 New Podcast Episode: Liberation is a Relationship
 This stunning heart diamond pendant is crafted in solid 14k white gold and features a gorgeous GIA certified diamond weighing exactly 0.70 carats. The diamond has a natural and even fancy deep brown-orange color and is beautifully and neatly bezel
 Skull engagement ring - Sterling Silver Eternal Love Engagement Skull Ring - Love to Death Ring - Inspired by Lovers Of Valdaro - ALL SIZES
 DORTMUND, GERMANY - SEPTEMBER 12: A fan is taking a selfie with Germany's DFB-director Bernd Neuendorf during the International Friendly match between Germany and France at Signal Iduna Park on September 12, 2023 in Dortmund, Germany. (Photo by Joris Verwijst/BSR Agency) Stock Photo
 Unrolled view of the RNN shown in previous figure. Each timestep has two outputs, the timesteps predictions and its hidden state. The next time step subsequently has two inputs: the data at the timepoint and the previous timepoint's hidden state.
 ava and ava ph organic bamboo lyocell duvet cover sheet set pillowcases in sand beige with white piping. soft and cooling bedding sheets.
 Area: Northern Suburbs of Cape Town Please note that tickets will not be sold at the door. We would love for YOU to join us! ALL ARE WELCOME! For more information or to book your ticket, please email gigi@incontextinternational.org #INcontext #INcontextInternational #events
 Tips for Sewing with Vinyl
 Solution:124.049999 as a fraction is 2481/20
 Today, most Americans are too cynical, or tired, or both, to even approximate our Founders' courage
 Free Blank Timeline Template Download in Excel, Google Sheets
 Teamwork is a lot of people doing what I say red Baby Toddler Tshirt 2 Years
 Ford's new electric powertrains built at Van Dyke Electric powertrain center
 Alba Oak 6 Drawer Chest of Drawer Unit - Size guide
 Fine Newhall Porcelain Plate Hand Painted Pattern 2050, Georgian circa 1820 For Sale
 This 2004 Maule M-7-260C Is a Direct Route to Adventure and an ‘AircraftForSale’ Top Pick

----

**Your task**:
In the listing above, find the line with "This stunning heart" and the line with "Skull engagement ring". Output those two lines and every line between them, exactly as written.

**Written reply**:
 This stunning heart diamond pendant is crafted in solid 14k white gold and features a gorgeous GIA certified diamond weighing exactly 0.70 carats. The diamond has a natural and even fancy deep brown-orange color and is beautifully and neatly bezel
 Skull engagement ring - Sterling Silver Eternal Love Engagement Skull Ring - Love to Death Ring - Inspired by Lovers Of Valdaro - ALL SIZES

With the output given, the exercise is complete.